◆ Data shown
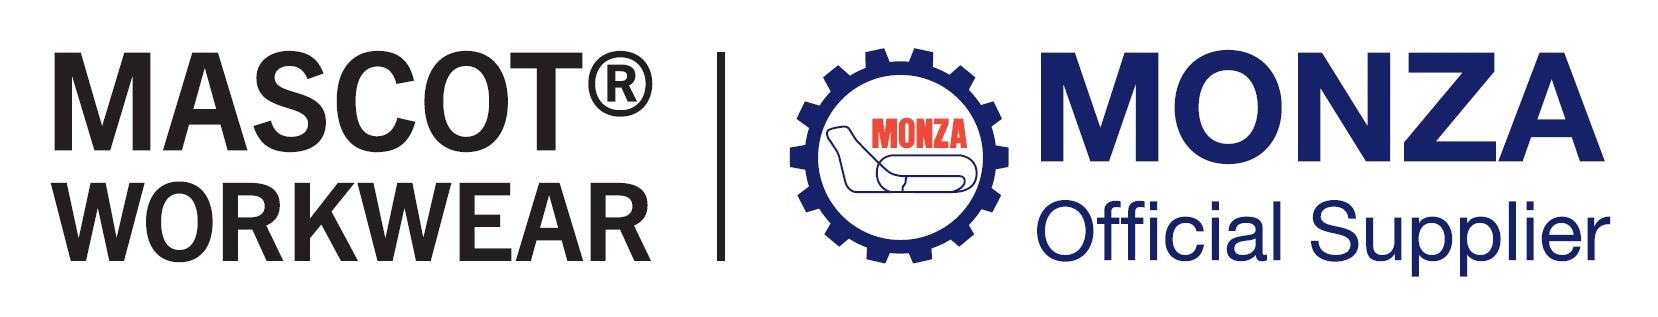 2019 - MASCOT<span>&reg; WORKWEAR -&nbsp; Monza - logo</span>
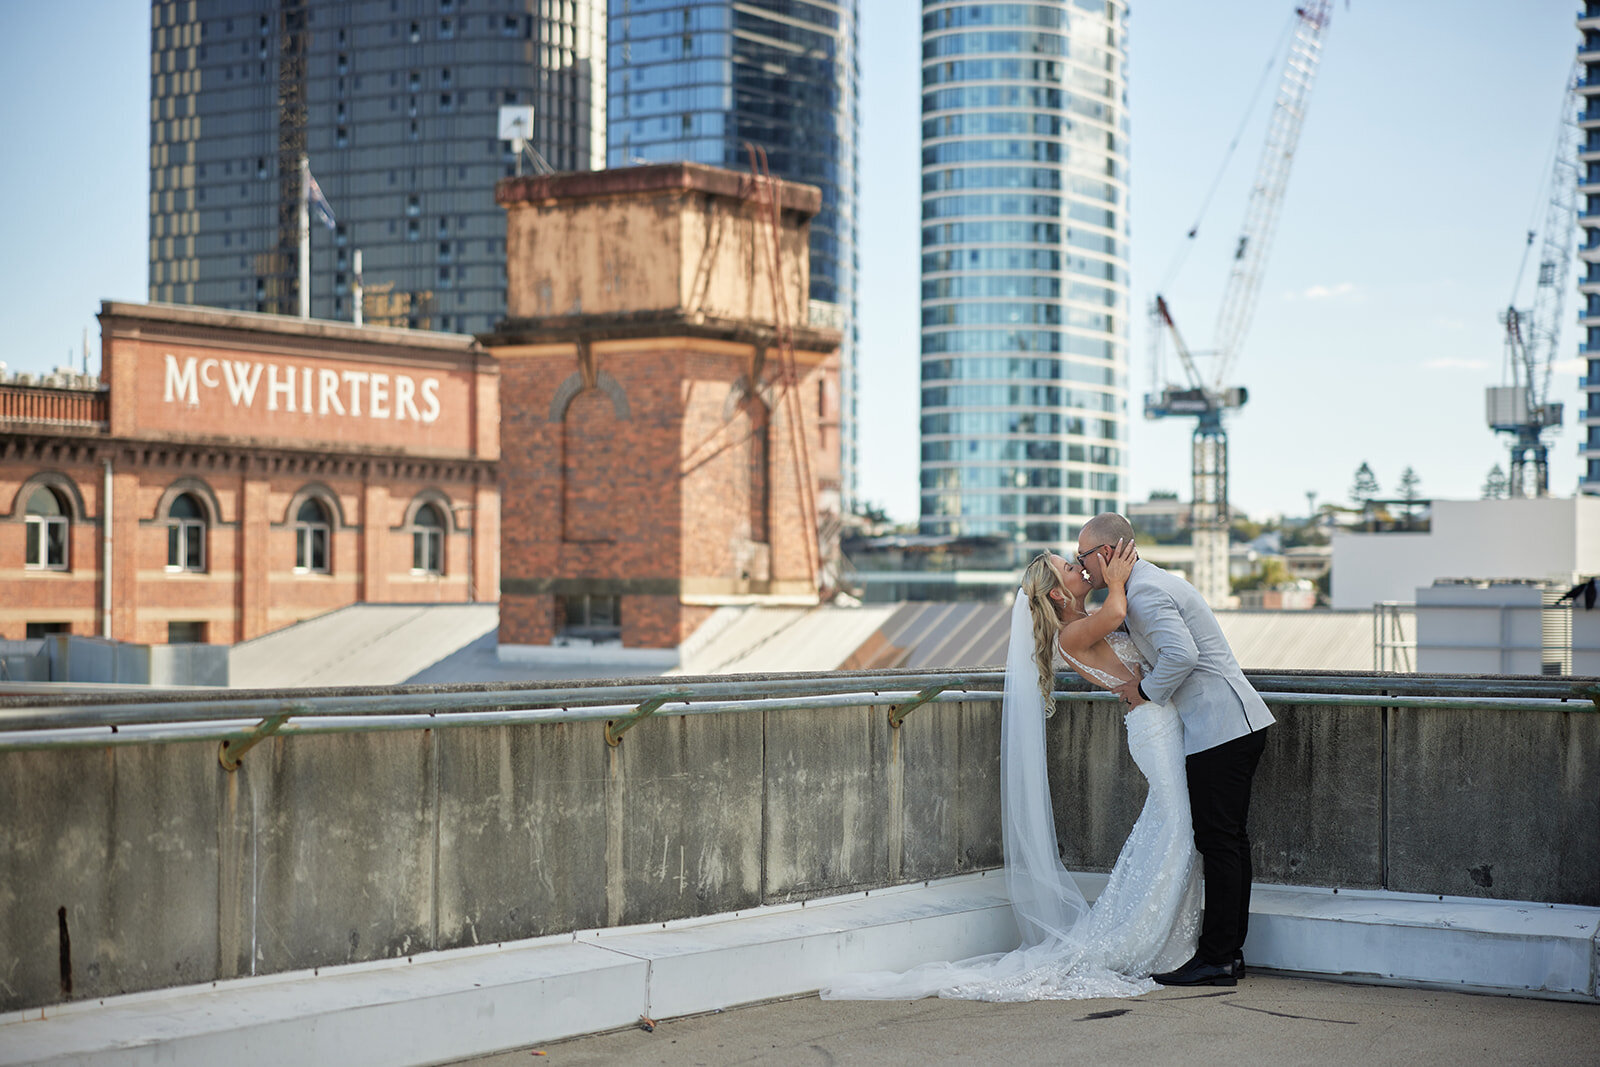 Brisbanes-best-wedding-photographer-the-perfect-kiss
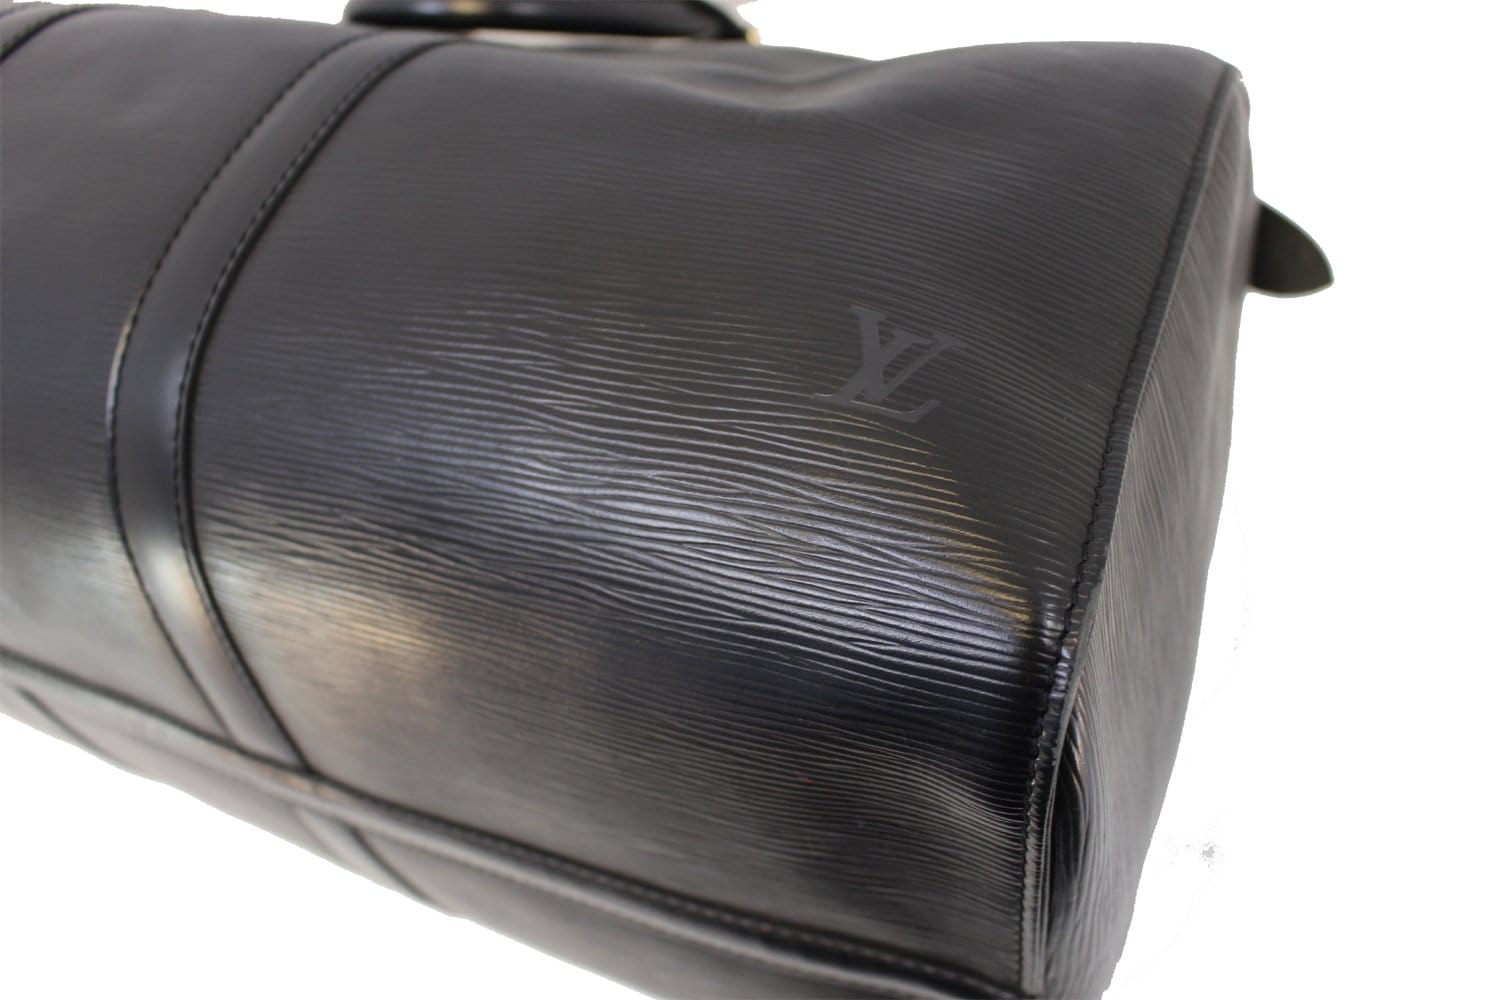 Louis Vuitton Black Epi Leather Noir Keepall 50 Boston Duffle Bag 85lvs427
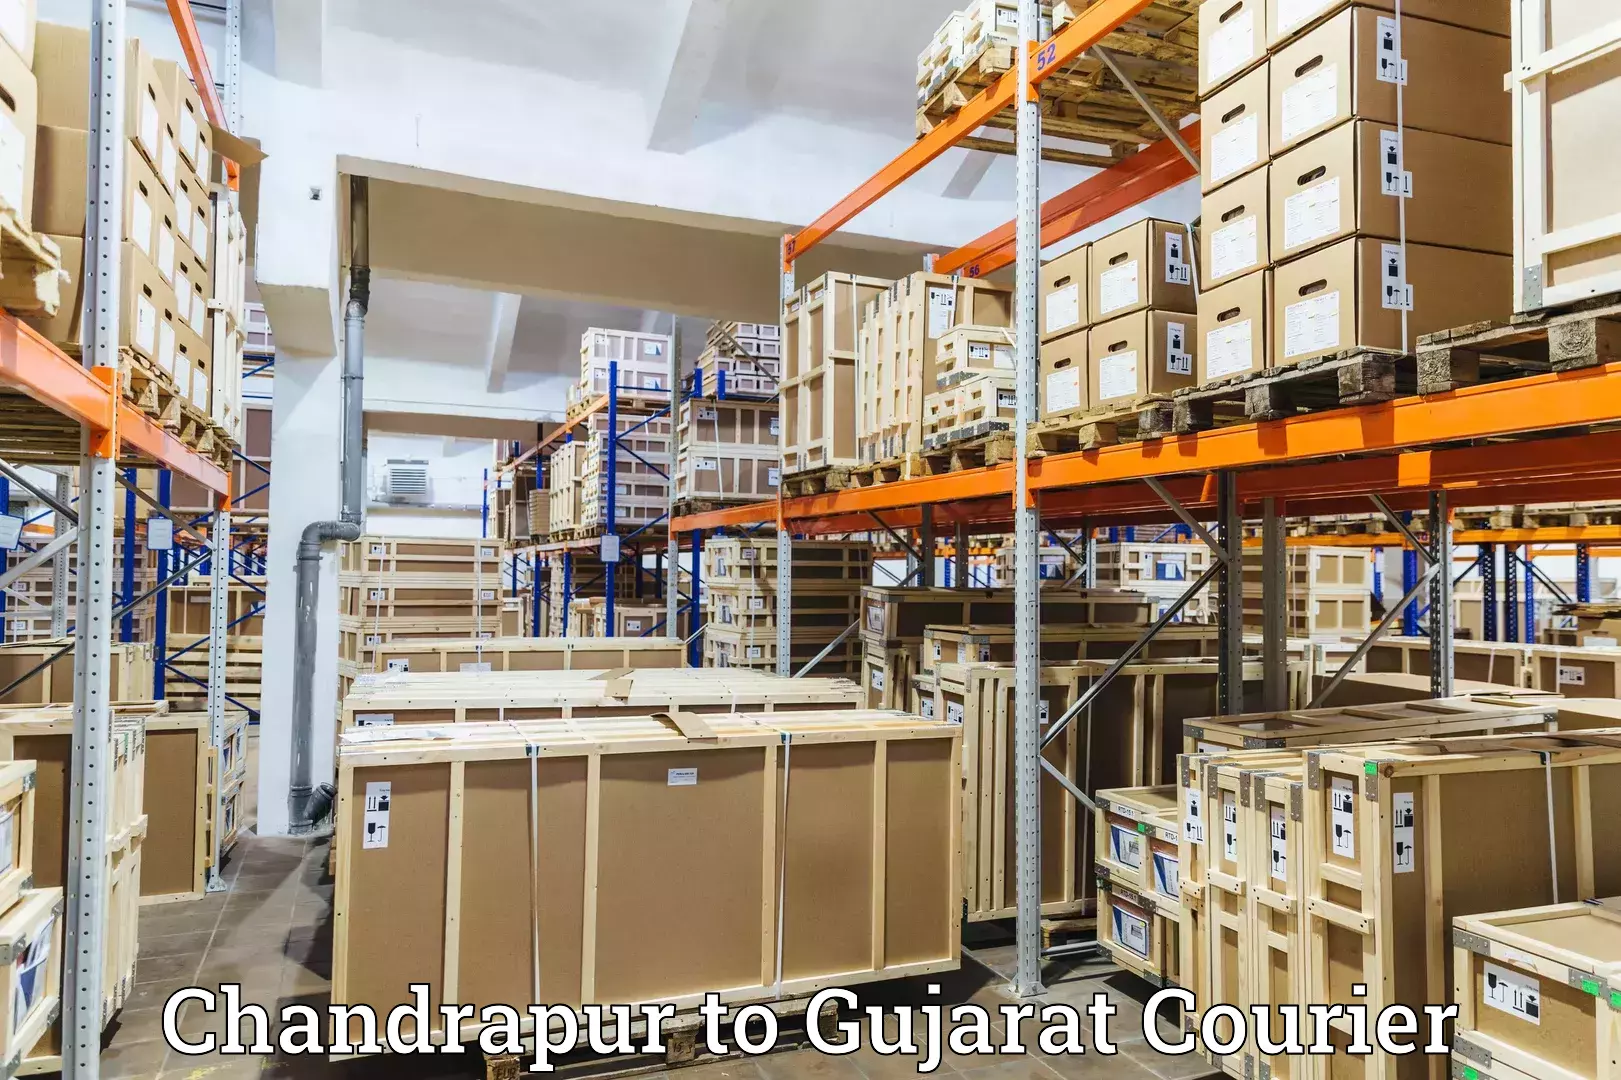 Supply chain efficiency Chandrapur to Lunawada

◆ Problem details
Please set down every line of the listing verbatim, excluding its pictures.

◆ Written answer
 2019 - MASCOT<span>&reg; WORKWEAR -&nbsp; Monza - logo</span>
 Brisbanes-best-wedding-photographer-the-perfect-kiss
 Louis Vuitton Black Epi Leather Noir Keepall 50 Boston Duffle Bag 85lvs427
 Supply chain efficiency Chandrapur to Lunawada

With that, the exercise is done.